Desktop Publishing Salary

Desktop publishers use computer software to create appealing hard copy materials by combining a variety of elements, such as text, graphics and photos. Desktop publishers create a variety of materials, including books, magazines, newspapers, newsletters, forms and marketing materials.

Salary Overview

Salaries for desktop publishers vary, depending on experience, company size and location. Those with the most training and experience earn more, as do those who work in larger cities or for major companies. The average salary is $36,660, with the highest earners making nearly $60,000 per year. Most desktop publishers work in the newspaper and publishing industries, and they also have the lowest average salaries, at $35,730 annually. Those in the electronic markets and legal fields earn the most, averaging between $57,000 and $58,000 per year.*

*According to the BLS,

Job Description and Outlook

Desktop publishers format text, photos, illustrations, graphs, charts and other graphics into electronic pages to be printed. Using desktop publishing software, an entire book page, newspaper or catalog can be created and shown on the computer screen. Software is used to create logos and graphics and edit digital images. Text size, color, font and spacing is created. Graphics can be enlarged or cropped. Once all the components are created, they manipulate them to create eye-catching, colorful materials. Then, once the document is complete, it is prepared for print. The document is then printed, either in-house on a high-resolution printer or at a commercial printer.
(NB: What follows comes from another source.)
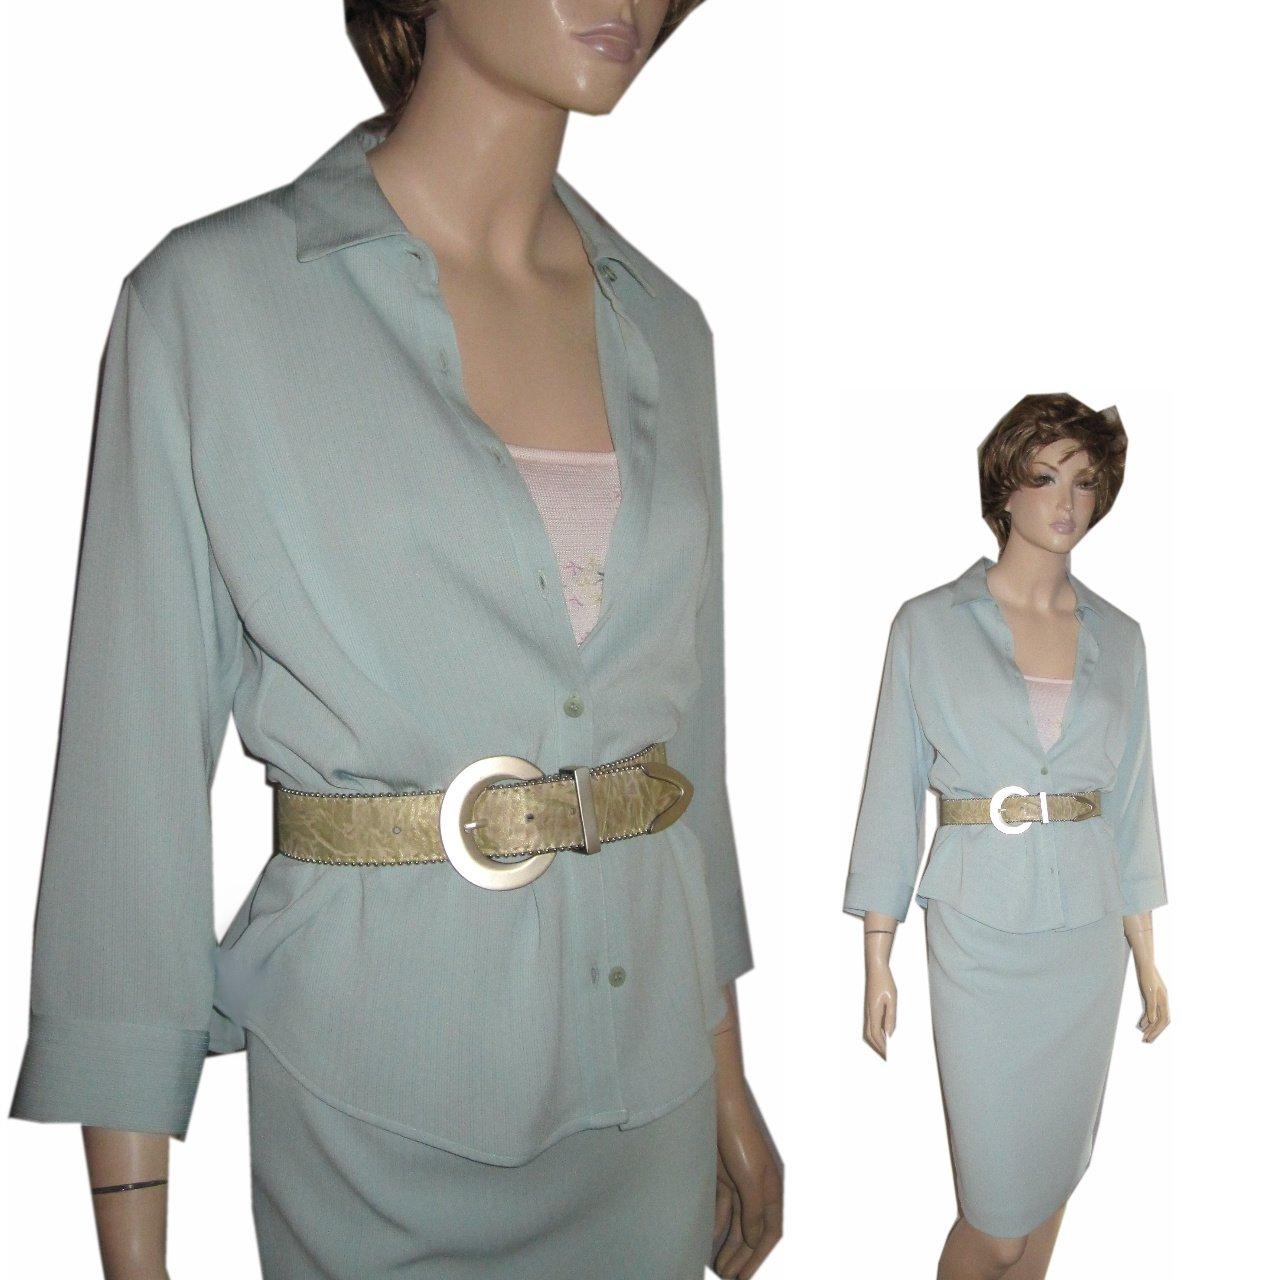 sz 6 ALEX GARFIELD Skirt Suit Set in Aquamarine $49.99 - List price $336
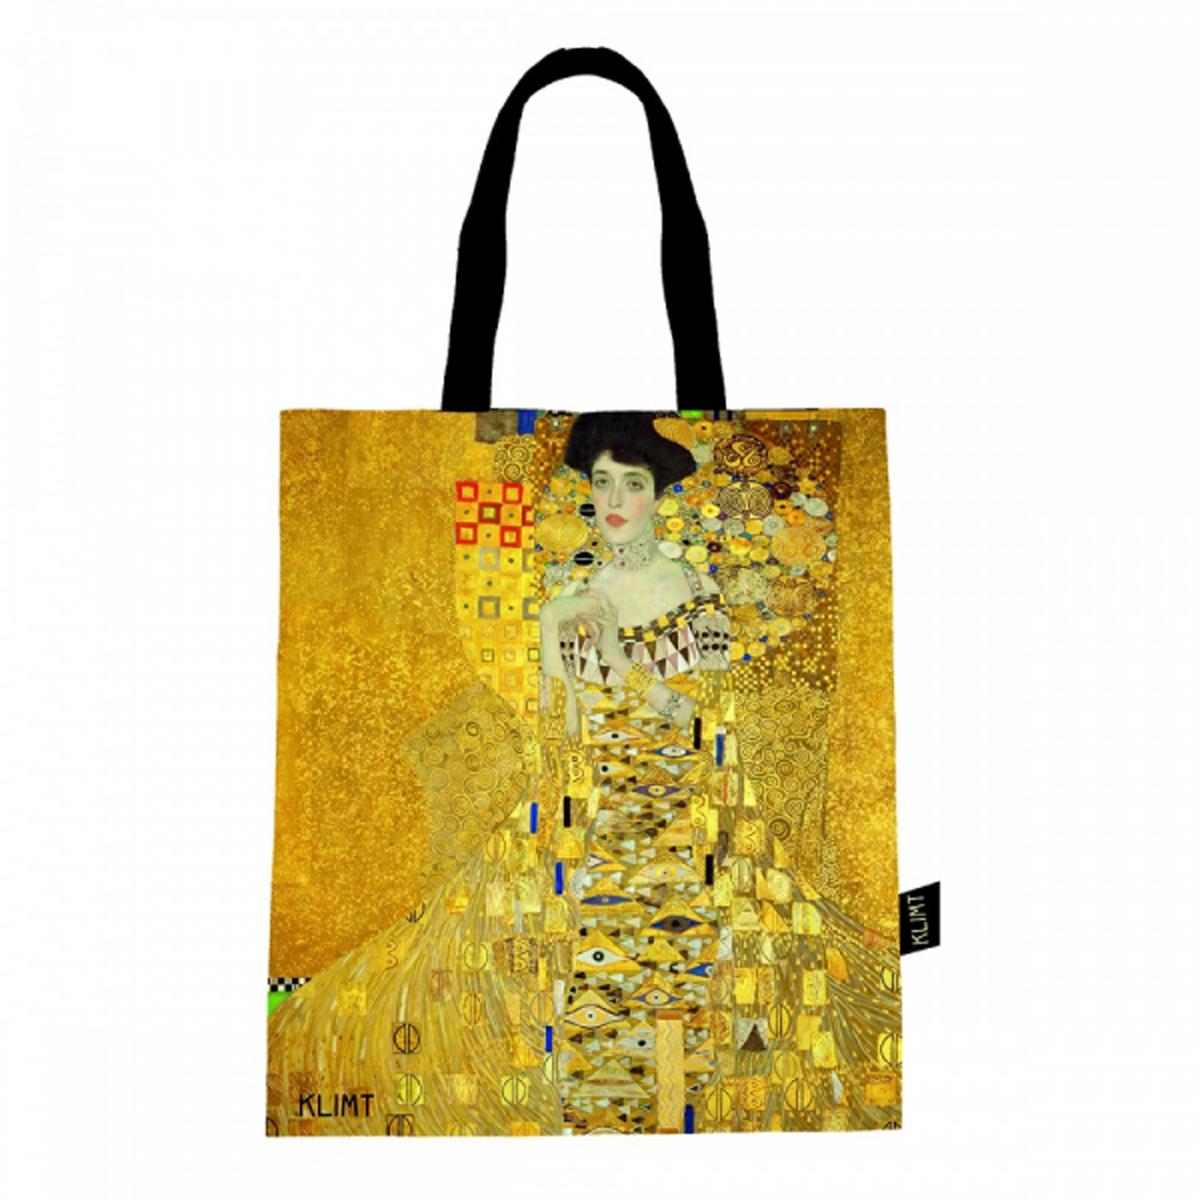 Sac coton / tote bag \'Gustav Klimt\' (Adele) - 44x38 cm - [R2982]

Some graphic designers develop advertising campaigns and presentation. Depending on the company size, some may even write or edit copy or create headlines for newsletters or brochures. In larger companies, there may be several desktop publishers who each work on a specific type of publication.

Desktop publishers are mostly found in the printing industry. However, many types of companies hire desktop publishers, including medical, legal, securities, electronics, business support and information services. Others may have their own business and do freelance work for local businesses, such as schools, restaurants and real estate companies.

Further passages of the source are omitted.